Choices for Cuban Youth

Osmel Almaguer

Havana students. Photo: Caridad

Small food establishments that offer products in hard currency constitute the main recreational alternative for Cuban youth today.

At night Havana is totally to dark.  It seems like a cinema when the lights are turned off before the movie begins, only that in this case only one small almost imperceptible activity can be noted in a few locations of the city.

With the arrival of the Special Period crisis of the 1990s —a time I will refer to below as being the point of demarcation between “before” and “after”— the holding and trafficking of hard currency was decriminalized across the entire island. This was part of a policy of “flexibilization” that was pursued with the aim of reviving the economy.

With the possibility of possessing dollars, the green bills became the sole friends capable of providing articles of vital importance – like soap, food or deodorant.  However not everyone could access these; for most people the only green they held was the hope for improvements, which have dried up over time.

Money sent by relatives abroad, prostitution and later on various jobs with joint-venture companies or in tourism were the sole sources of hard currency for ordinary people.  To those have been added theft and corruption, which occur in almost all workplaces whether these are goods-producing enterprises or not.

At that time (the early 90s), an entire network of establishments was created to collect hard currency from that minority sector that had access to the dollar.  Through all of this, sharp differences were created between people, ones that are much deeper today.

Dollar stores, kiosks and eating establishments were given all types of names (Infotur, Rapidito, Ditu, etc.).  In addition, the great majority of restaurants, not to mention hotels, began to conduct business solely in hard currency.

At one point the value of one dollar ended up being equal to more than a hundred Cuban pesos. There was a time in which food was scarce all over Cuba, however food service in hard currency was organized (and still is) openly in public places.  Those who ate and could drink “forbidden” beer did so smugly, in their pleasure in consuming what the majority of people couldn’t.

With time this situation has relaxed, though I cannot affirm that all is well.  The issue of food has ceased to be critical, and for a good while now the public has begun to once again think about leisure activities, recreation and having a good time.

In the “before” times, in addition to having variety of alternatives and plenty of places for recreation, people had a different concept of amusement.  Back then people spoke of going to the cinema, to the Coppelia ice cream park or sitting out on the Malecon seawall, and these were engaged in without qualms.  In the “after” period, such activities are done by “washouts,” meaning those who don’t have enough hard currency.  “Before,” people talked about going to the theater or eating at a restaurant, at one in Lenin Park or at the Zoo.

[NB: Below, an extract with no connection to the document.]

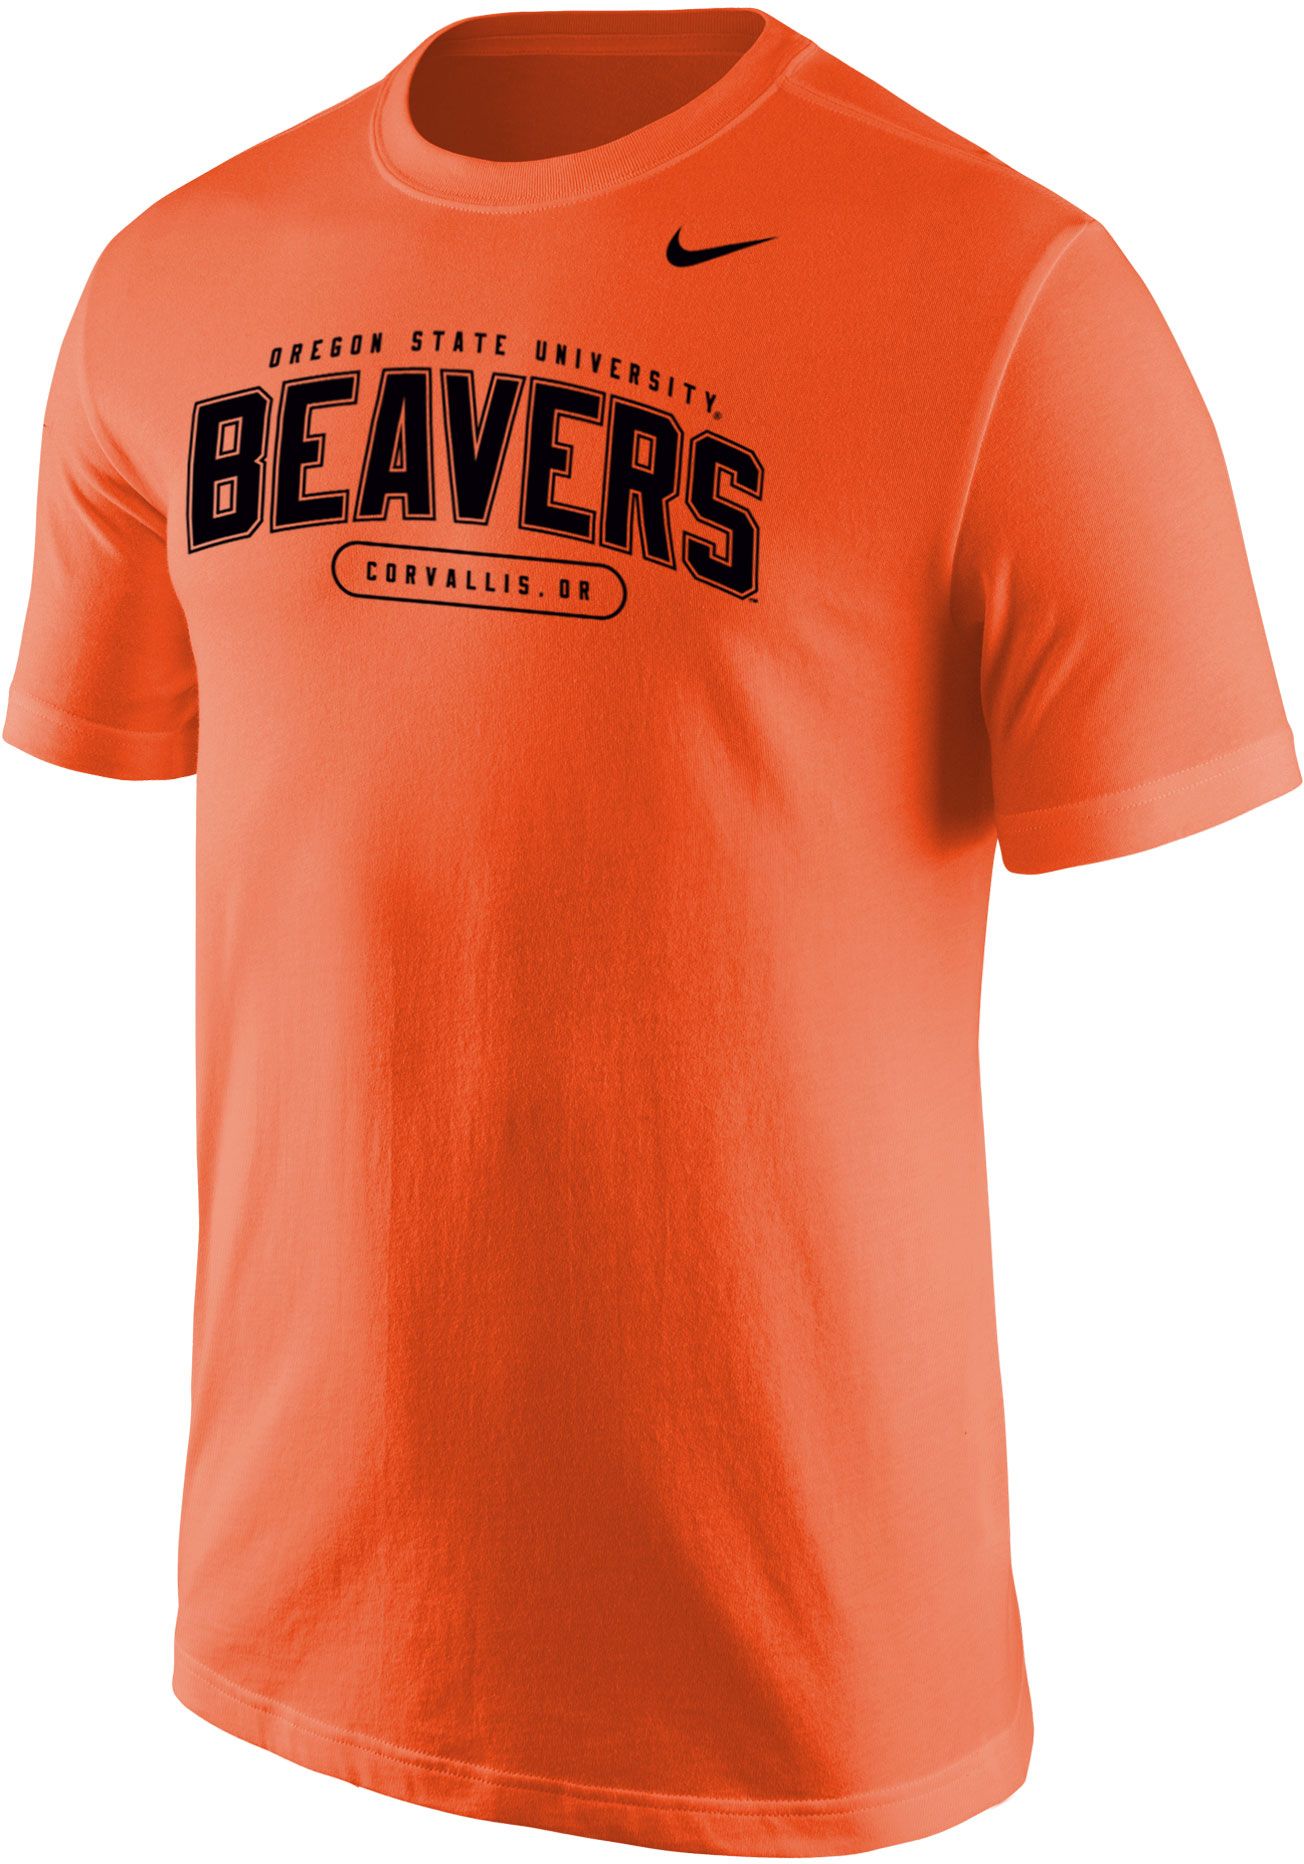 Beavers lacrosse legends jersey

Later discos became almost the sole alternative preferred by youth.  Few were interested in the cinema because almost all the movies that came out could be seen on DVD.  Cuban youth have gone through a process of marginalization.  It is a nascent generation that has seen its future frustrated by economic problems.  It has moved closer to the subculture of reggaeton because the internal conditions of that generation are ideal for it.

But apparently the authorities have preferred to “ignore” the problems of youth; so in each cheap disco we’re now discovering marijuana and worse drug.  Instead of taking more healthy measures around the youth recreation, the issue seems to be closed.  That’s why sound recreational alternatives, those in which people can discharge their tensions of the week, are increasingly fewer and poorer.

It’s now common for the different sectors of youth —who “before” were homogeneous— to meet up at different places across town.  This of course frightens the authorities, who fear almost any community of interests that’s not the one desired by their higher-ups.

osmel

Osmel Almaguer:Until recently I would to identify myself as a poet, a cultural promoter and a university student. Now that my notions on poetry have changed slightly, that I got a new job, and that I have finished my studies, I’m forced to ask myself: Am I a different person? In our introductions, we usually mention our social status instead of looking within ourselves for those characteristics that define us as unique and special. The fact that I’m scared of spiders, that I’ve never learned to dance, that I get upset over the simplest things, that culminating moments excite me, that I’m a perfectionist, composed but impulsive, childish but antiquated: these are clues that lead to who I truly am.